Purpose
This problem set reinforces your understanding of multi-variable functions. It also gives you a bit of practice working with curvature in vector-valued functions.
Background
We discussed (or will discuss) multi-variable functions, the main focus of this problem set, in lectures on October 9 and 14. Sections 14.1 and 14.2 of our textbook also cover this material.
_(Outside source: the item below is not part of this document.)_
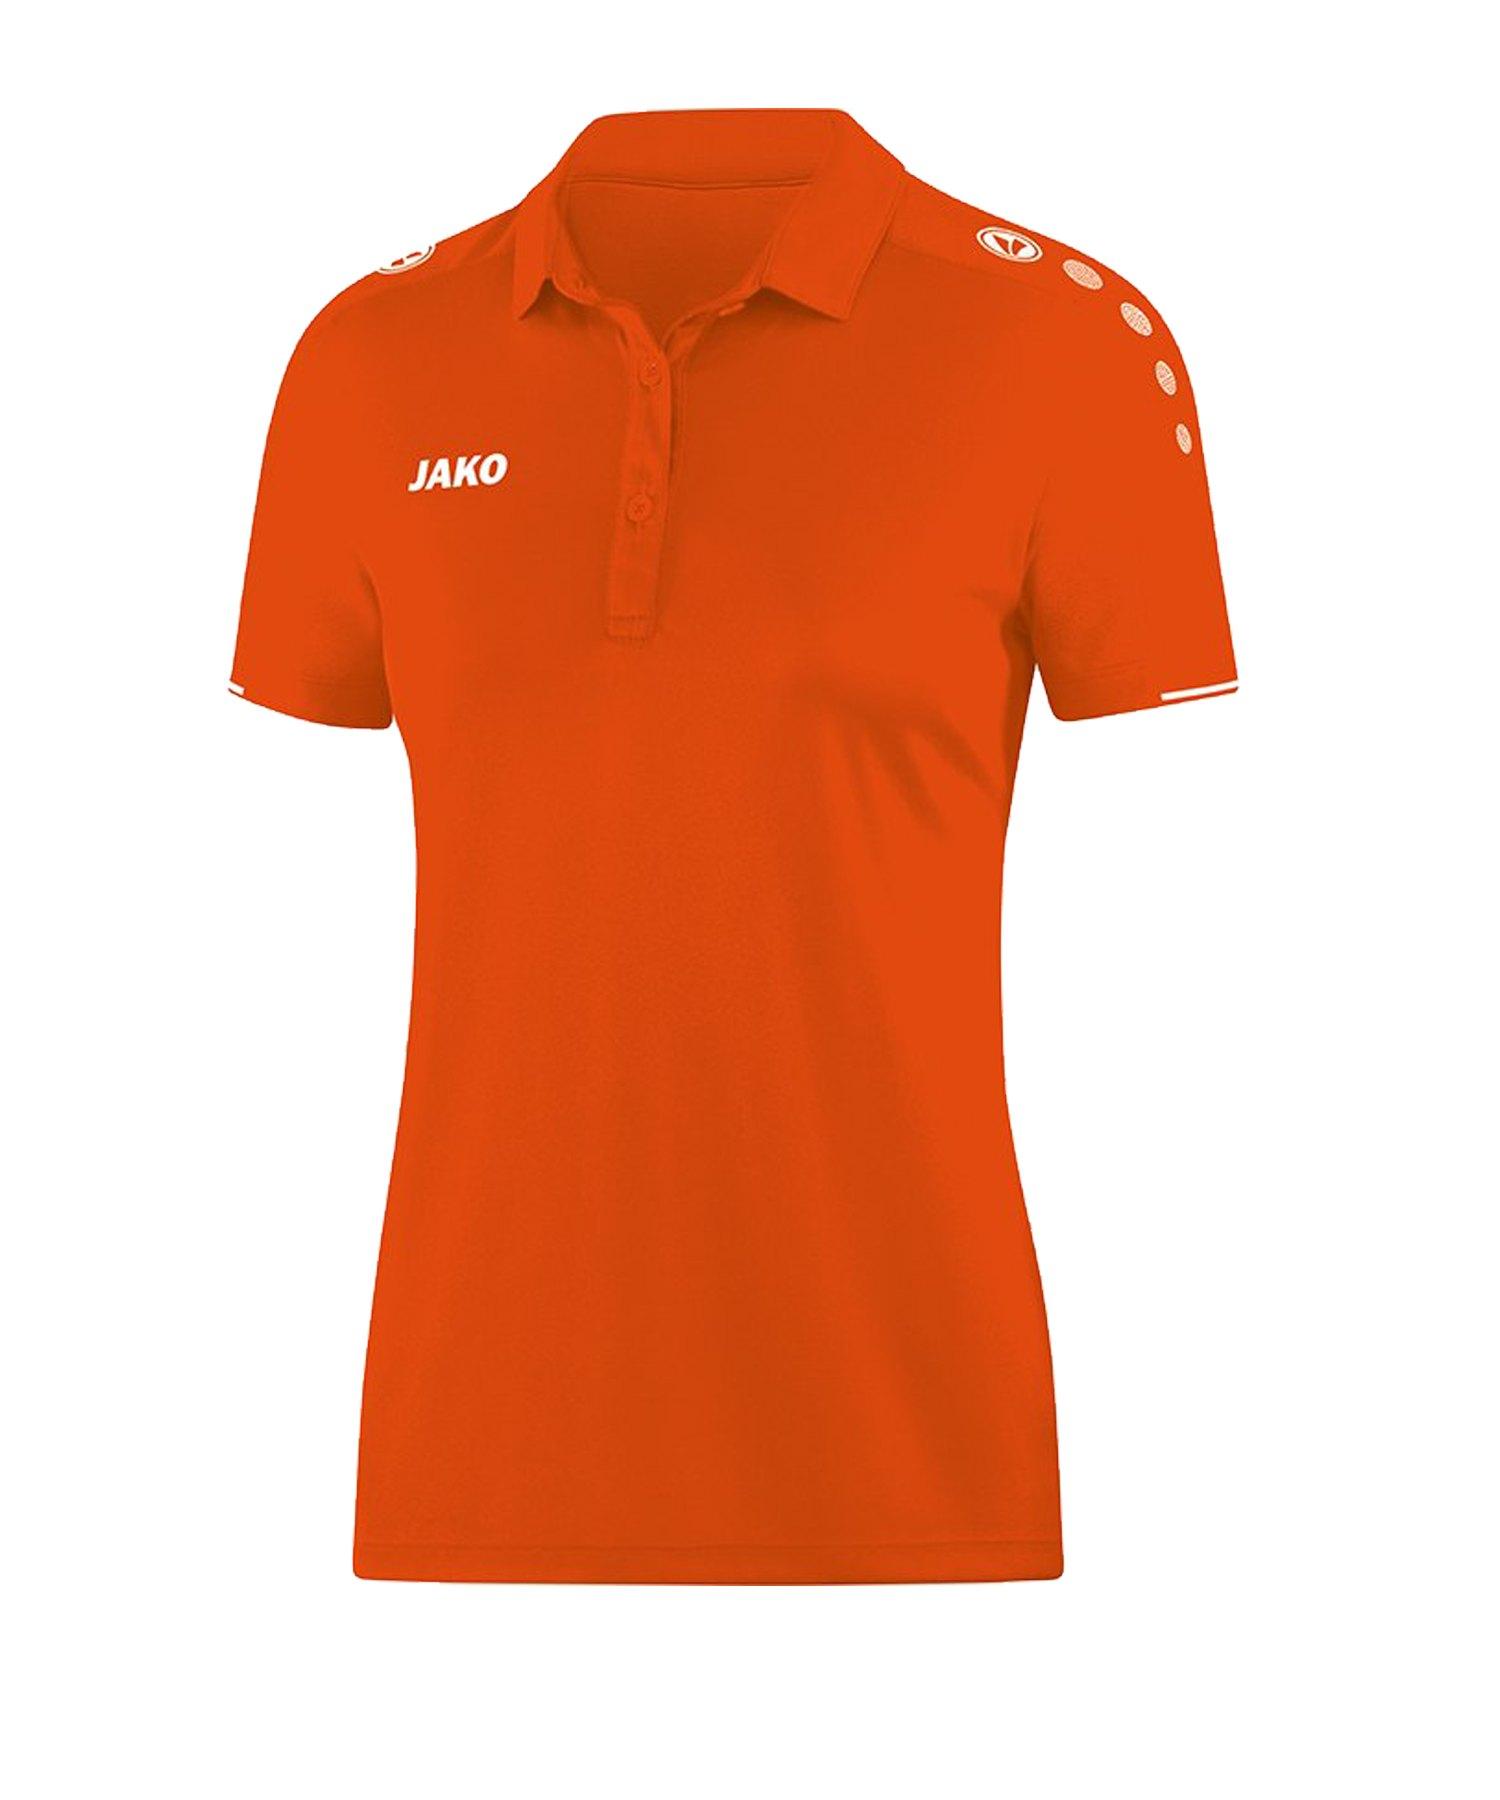 Jako Classico Poloshirt Damen Orange F19 - Orange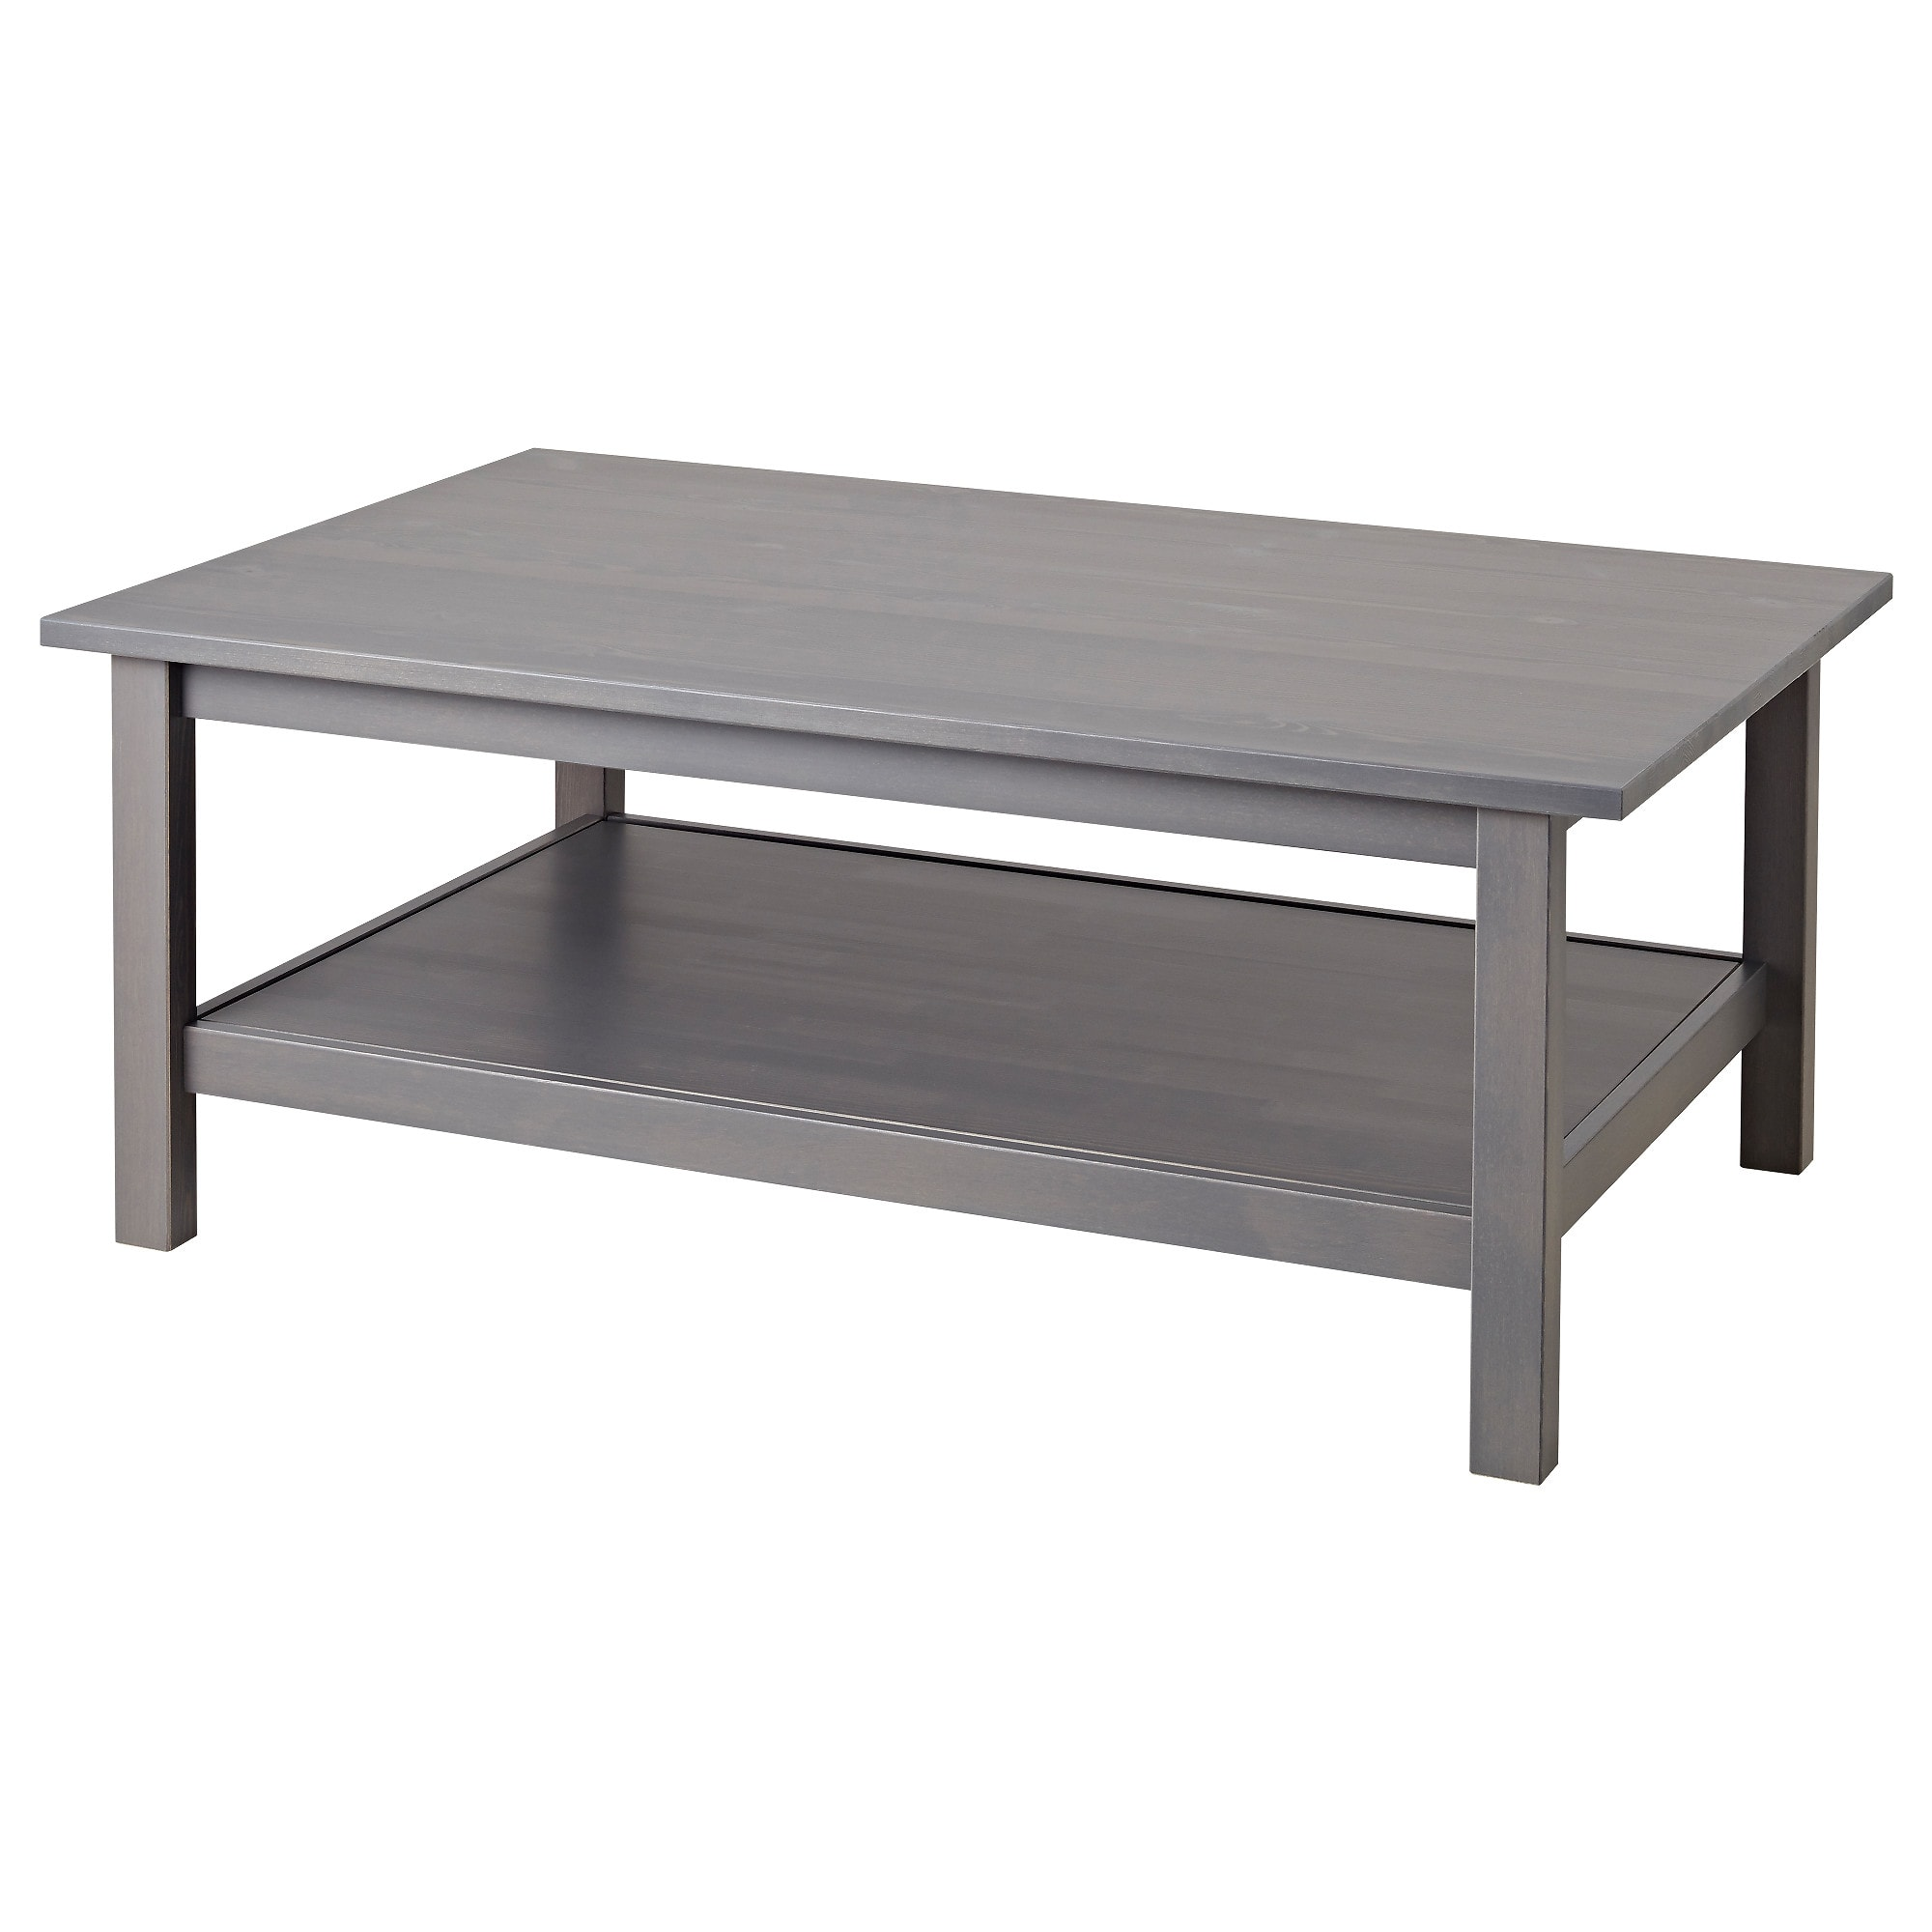 IKEA HEMNES Coffee Table Grey Brown

A second purpose of this exercise is to develop your ability to work with curvature in vector-valued functions, something we discussed in class on October 7. This material is from section 13.4 of the textbook.
Activity
Solve each of the following problems:
Problem 1
Exercise 12 in section 13.4 of our textbook (find the unit tangent vector, principle unit normal, and curvature for r(t) = ⟨ 6sin(2t), 6cos(2t), 5t ⟩).
Problem 2
Exercise 18 in section 14.1 of our textbook (find the domain and range; describe the level curves; find the boundary; determine if the domain is open, closed, both or neither; and decide whether the domain is bounded, for the function f(x,y) = √(y-x)).
Problem 3
Exercise 52 in section 14.1 of our textbook (find an equation for the level curve of (2y-x) / (x+y+1) that passes through the point (-1,1)).
Problem 4
Exercise 70 in section 14.1 of our textbook (plot the surface and several level curves for sinx cosy e√(x2+y2)/8; see text for additional details). Use muPad or a similar tool.
Problem 5
Exercise 14 in section 14.2 of our textbook (find lim(x,y)→(0,0)( (x2-y2)/(x-y) ); see text for further details).
Follow-Up
I will grade this exercise in a face-to-face meeting with you. During this meeting I will look at your solution, ask you any questions I have about it, answer questions you have, etc. Please bring a written solution to the exercise to your meeting, as that will speed the process along.
Sign up for a meeting via Google calendar. If you worked in a group on this exercise, the whole group should schedule a single meeting with me. Please make the meeting 15 minutes long, and schedule it to finish before the end of the “Grade By” date above.